▶ _GIVEN DATA_

((

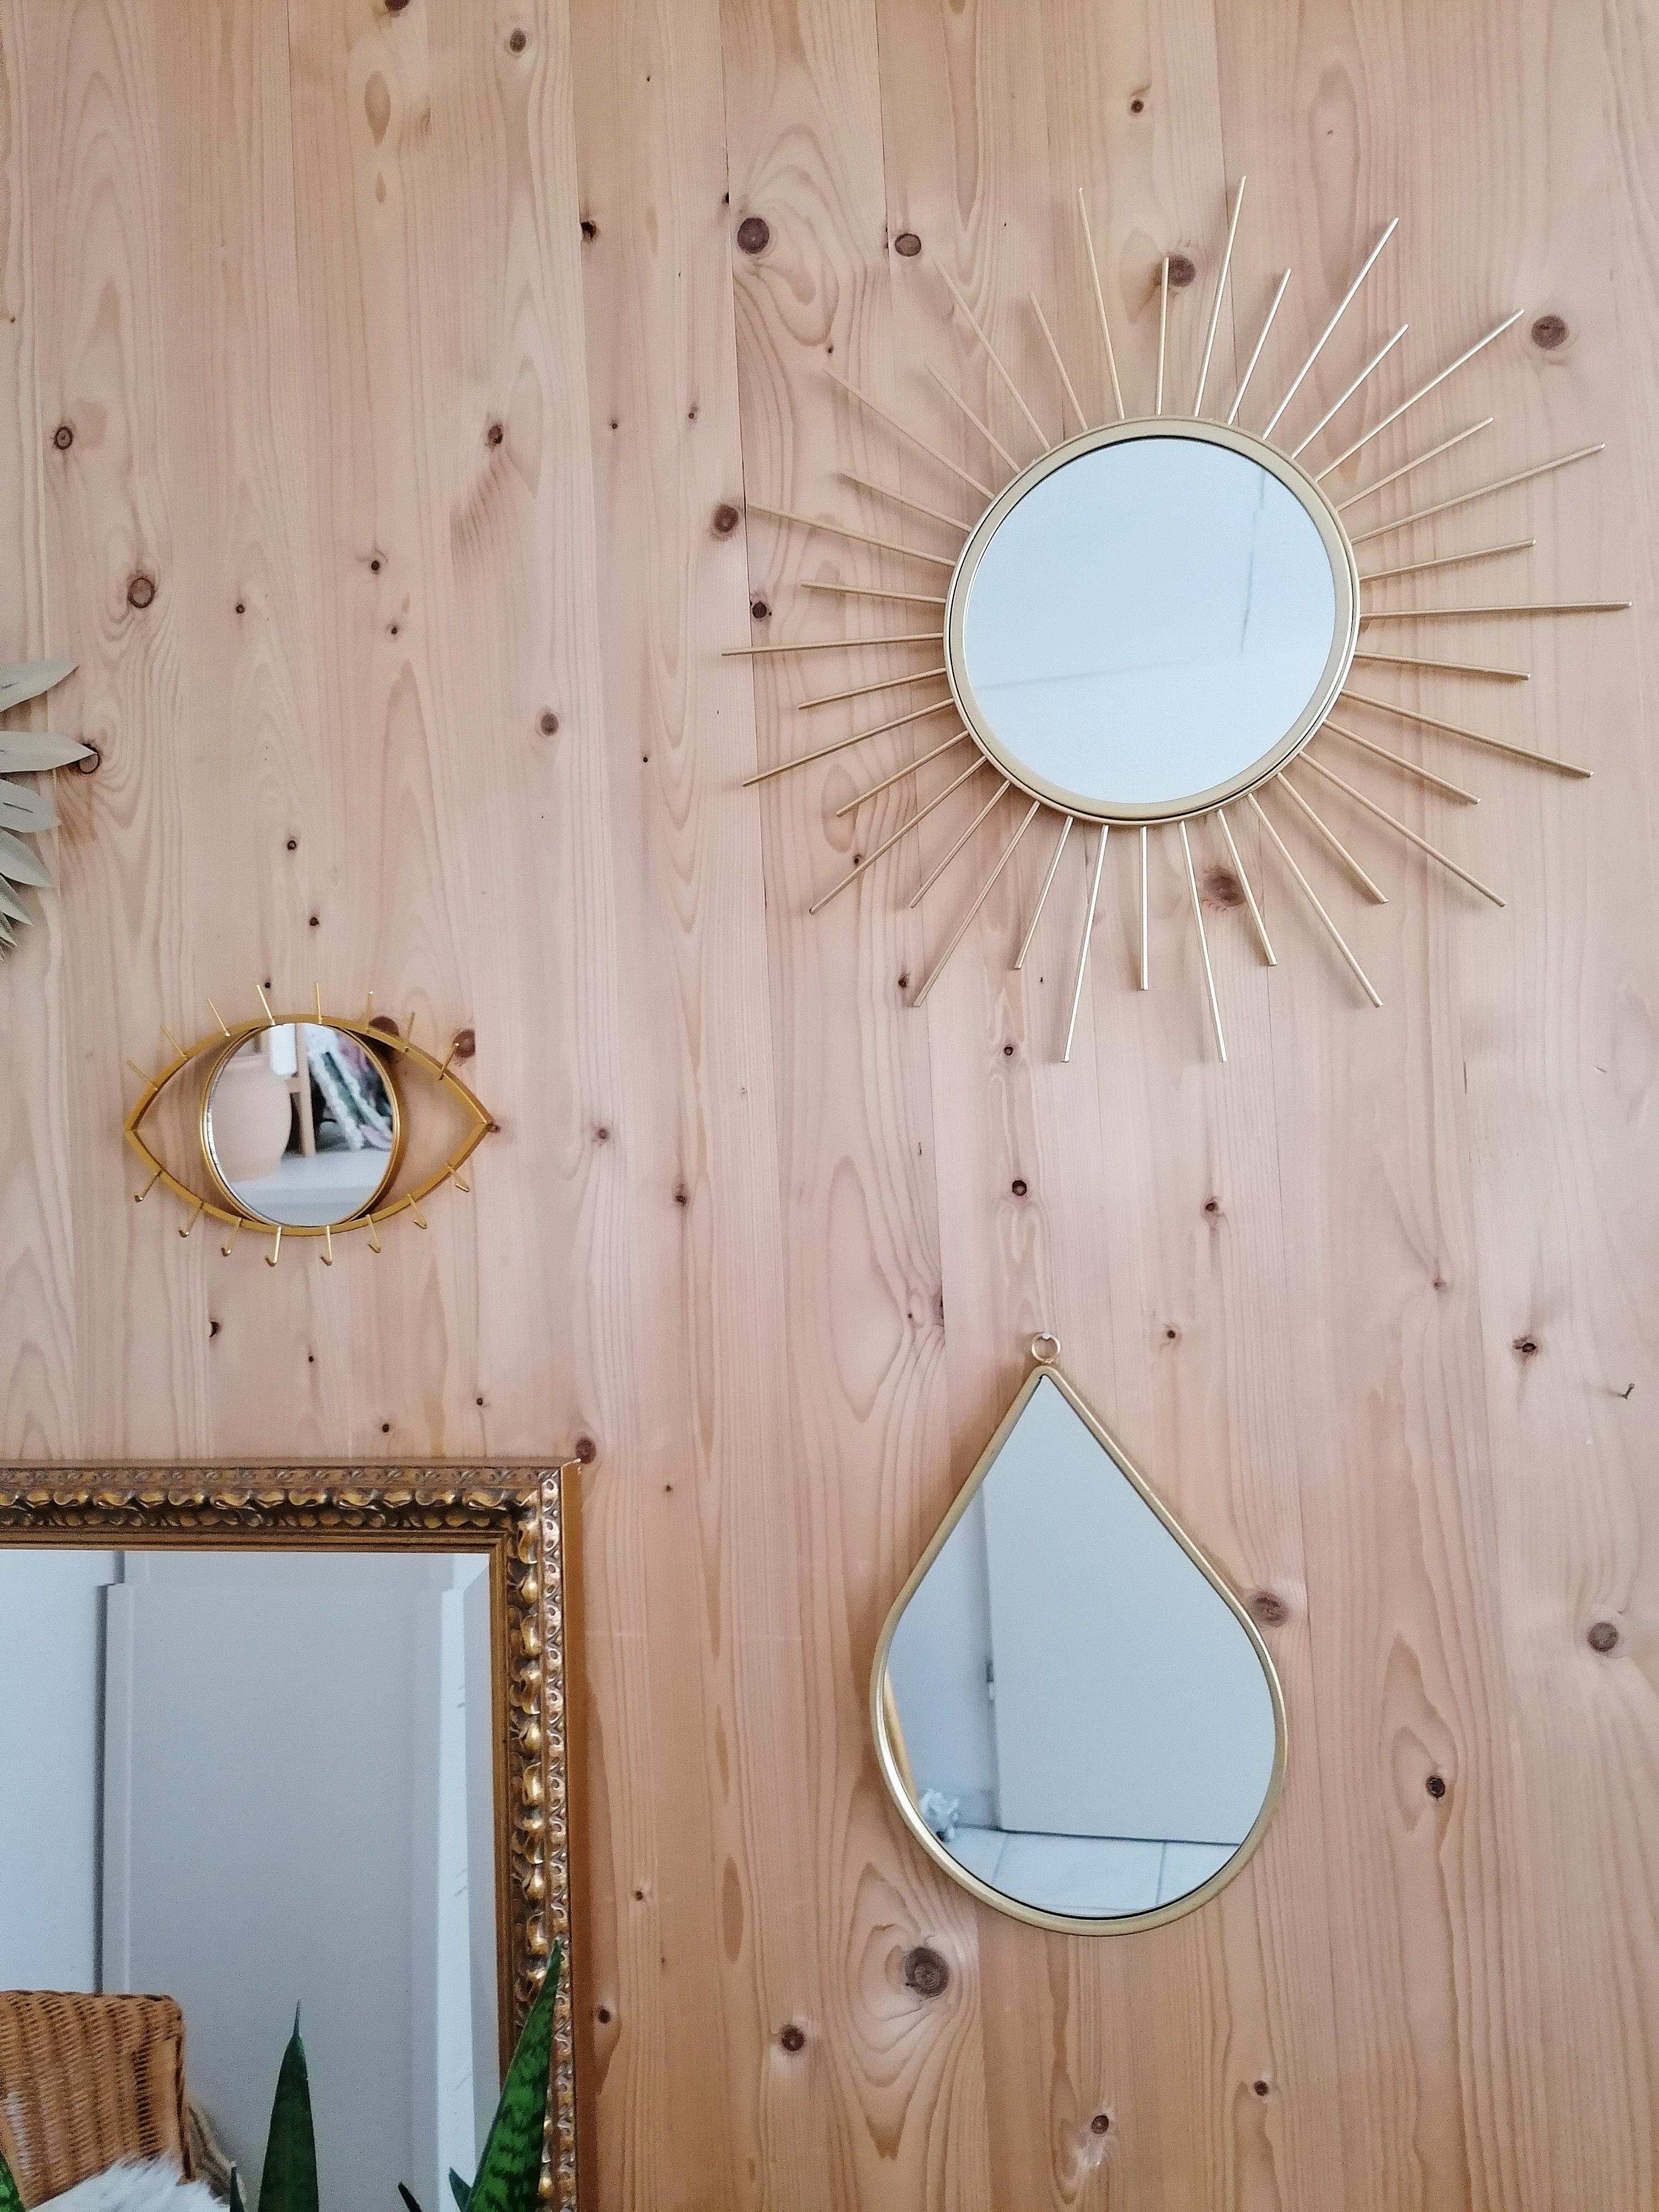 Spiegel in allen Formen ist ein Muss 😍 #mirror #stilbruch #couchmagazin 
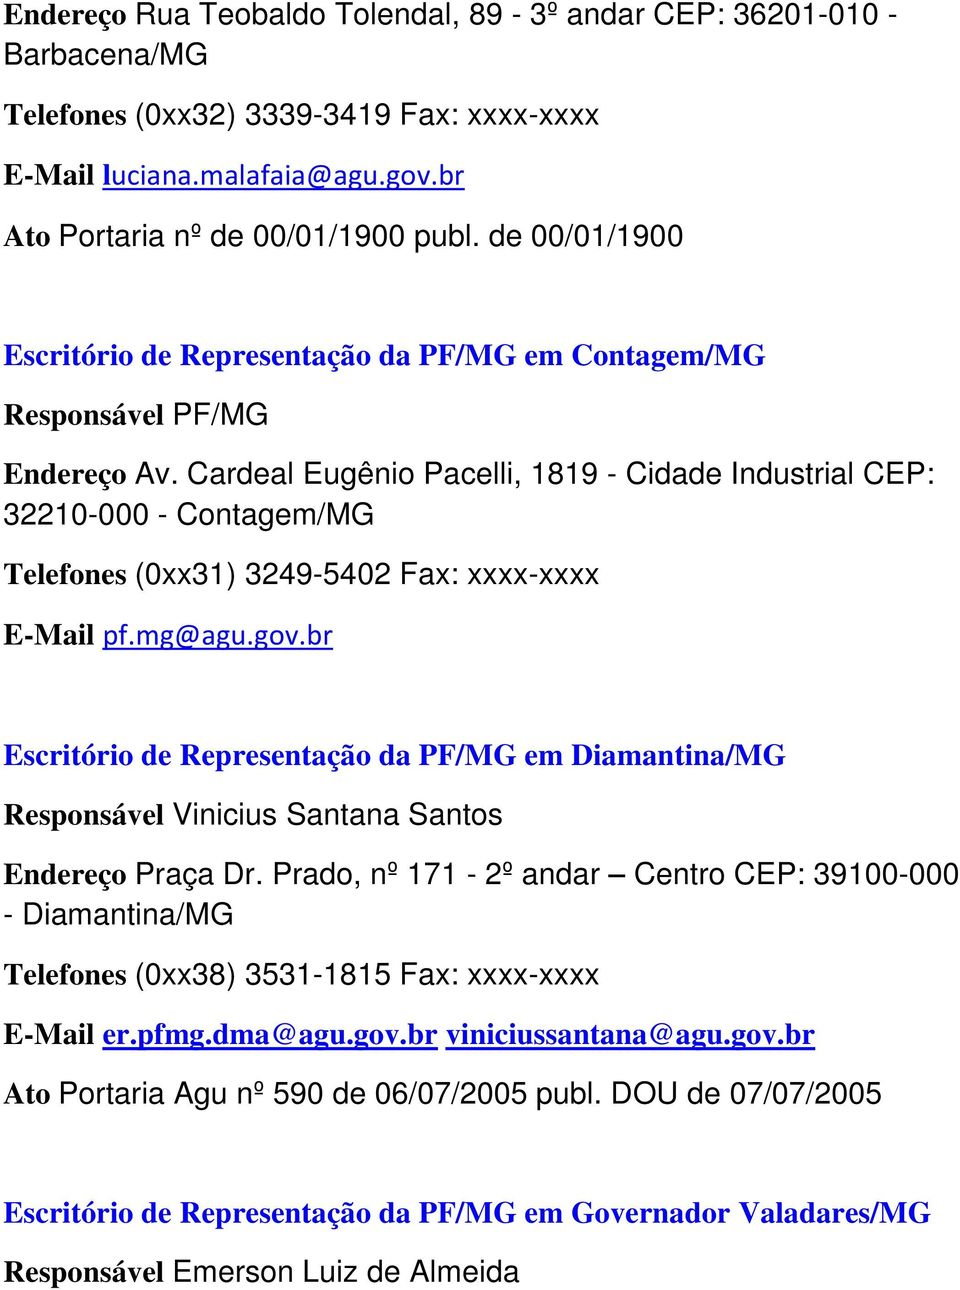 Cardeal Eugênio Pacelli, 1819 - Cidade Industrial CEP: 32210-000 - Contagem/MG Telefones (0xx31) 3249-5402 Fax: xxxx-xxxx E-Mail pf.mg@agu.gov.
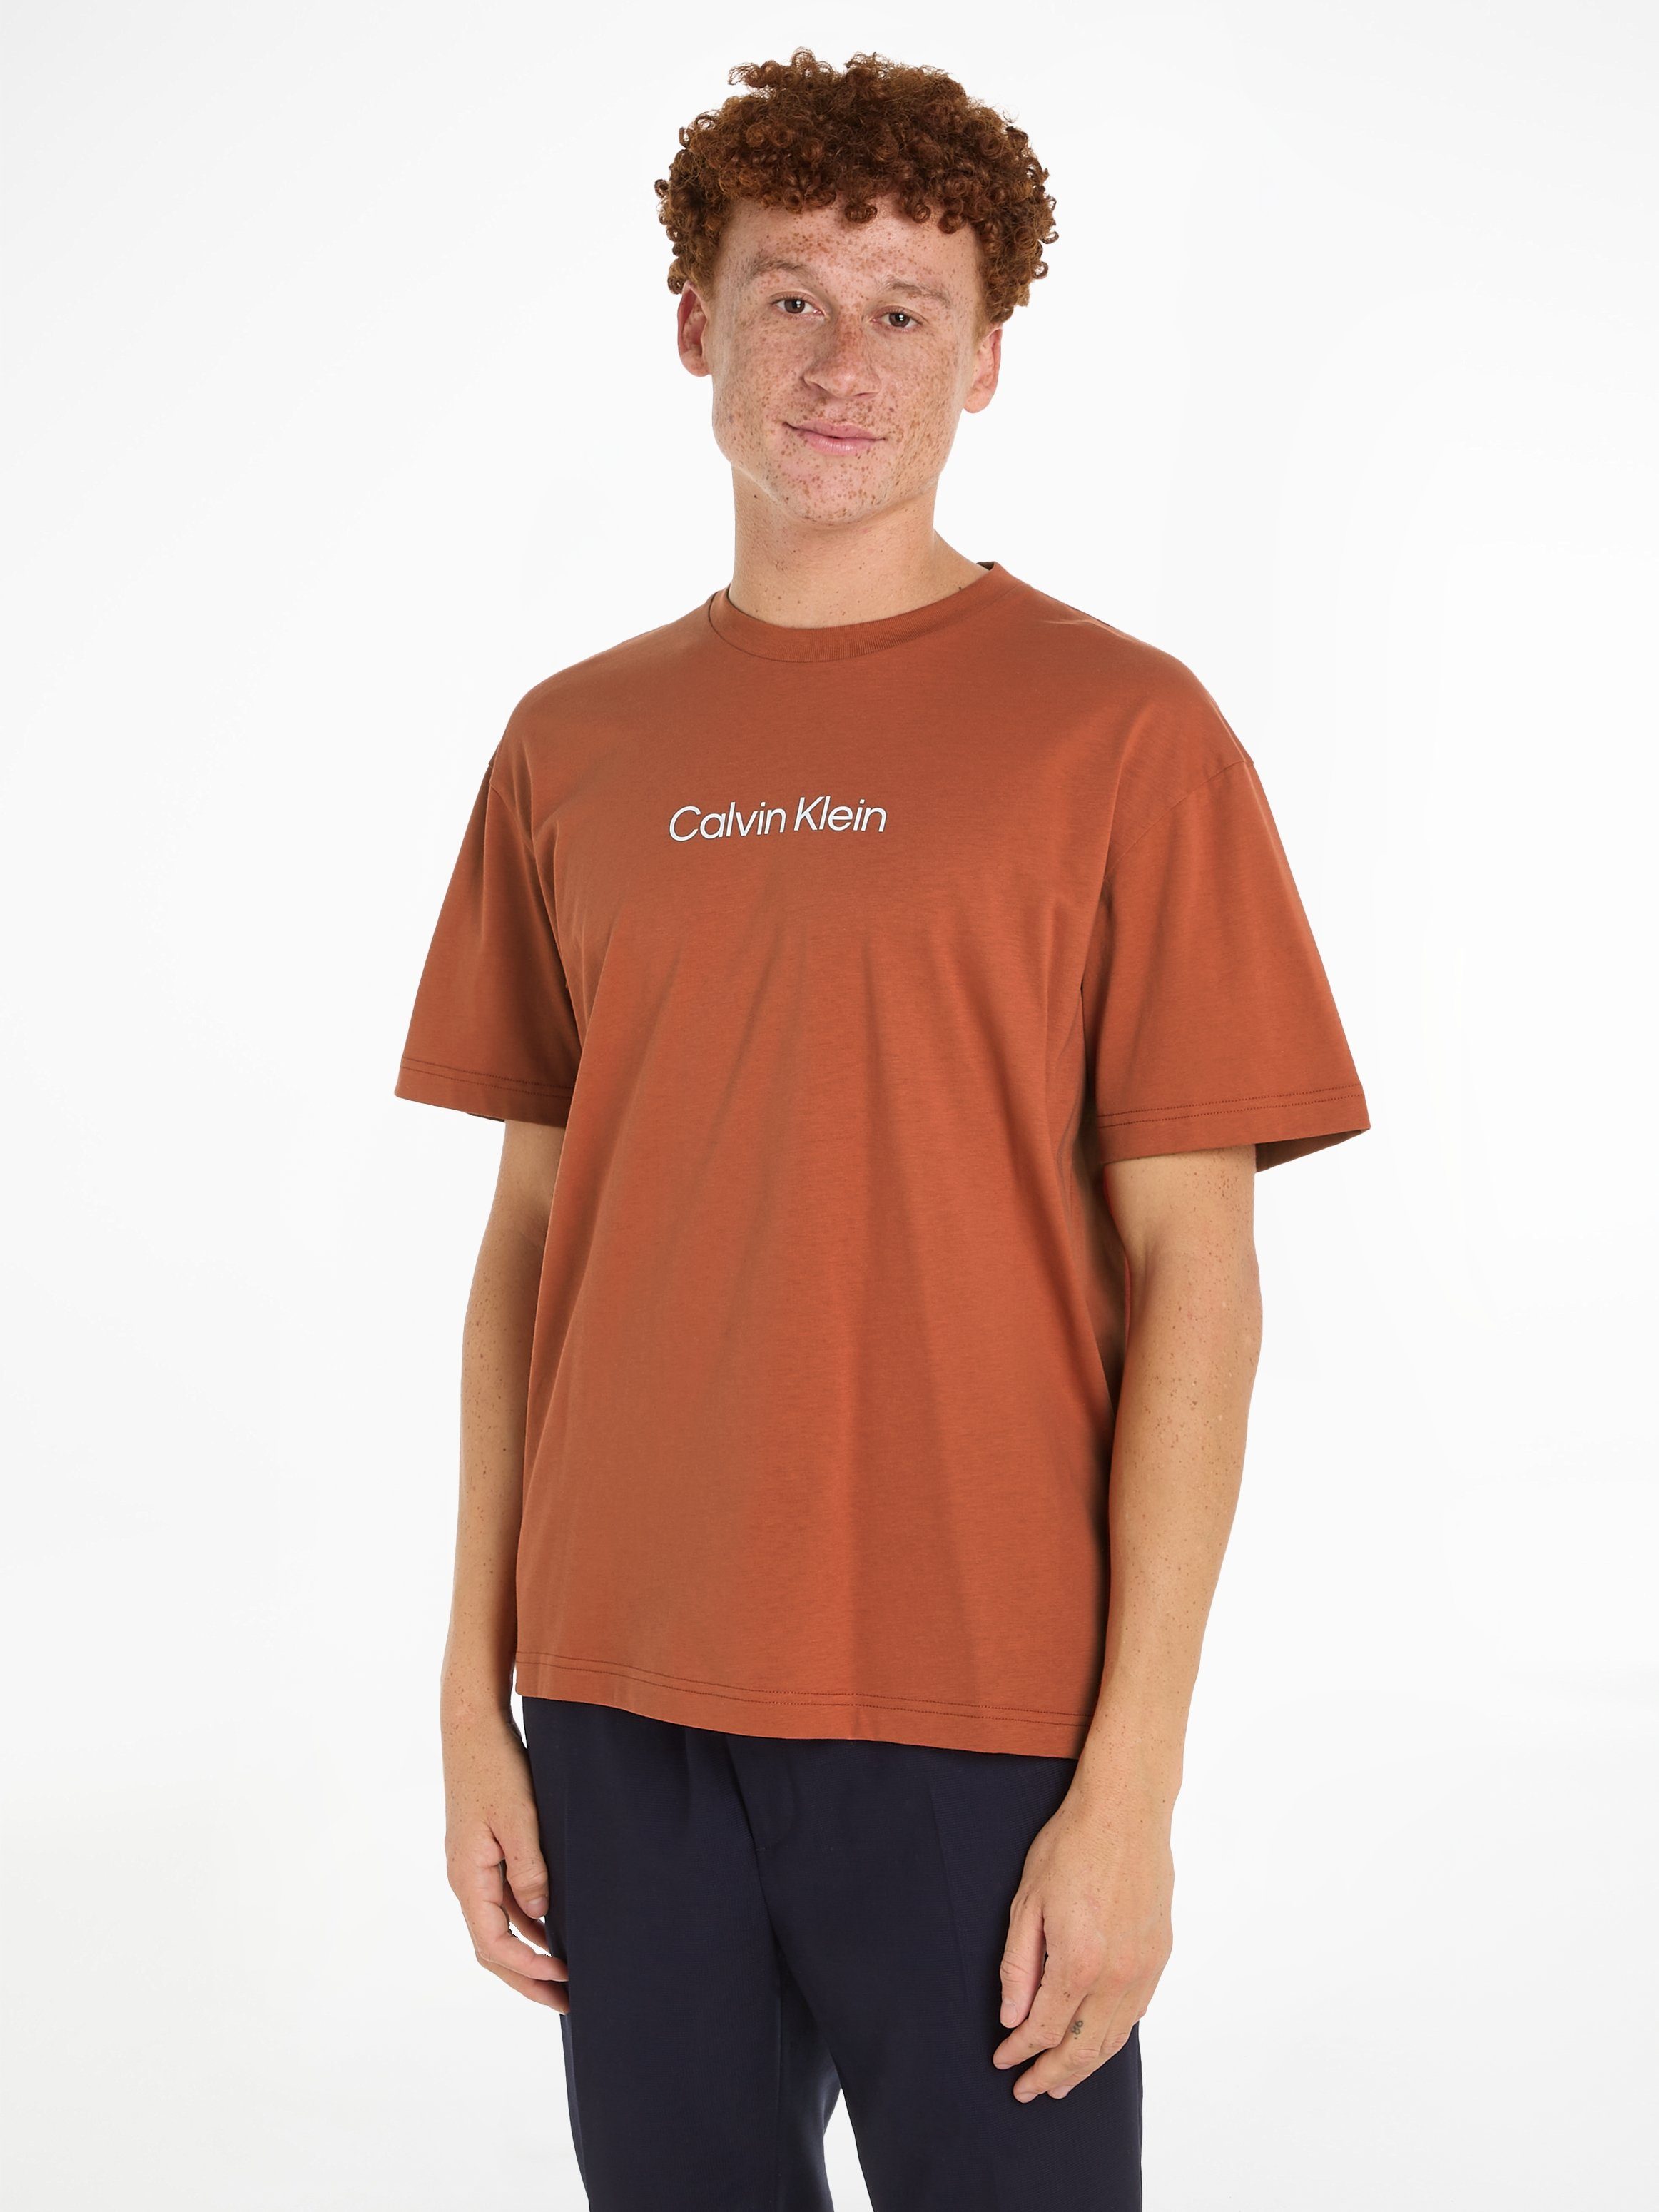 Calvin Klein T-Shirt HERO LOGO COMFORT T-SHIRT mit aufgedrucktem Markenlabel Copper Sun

))

▶ _ASSIGNMENT_
From the first line to the last, set down the data exactly, without the pictures.

▶ _YOUR SOLUTION_
 Spiegel in allen Formen ist ein Muss 😍 #mirror #stilbruch #couchmagazin 
 Cardeal Eugênio Pacelli, 1819 - Cidade Industrial CEP: 32210-000 - Contagem/MG Telefones (0xx31) 3249-5402 Fax: xxxx-xxxx E-Mail pf.mg@agu.gov.
 Calvin Klein T-Shirt HERO LOGO COMFORT T-SHIRT mit aufgedrucktem Markenlabel Copper Sun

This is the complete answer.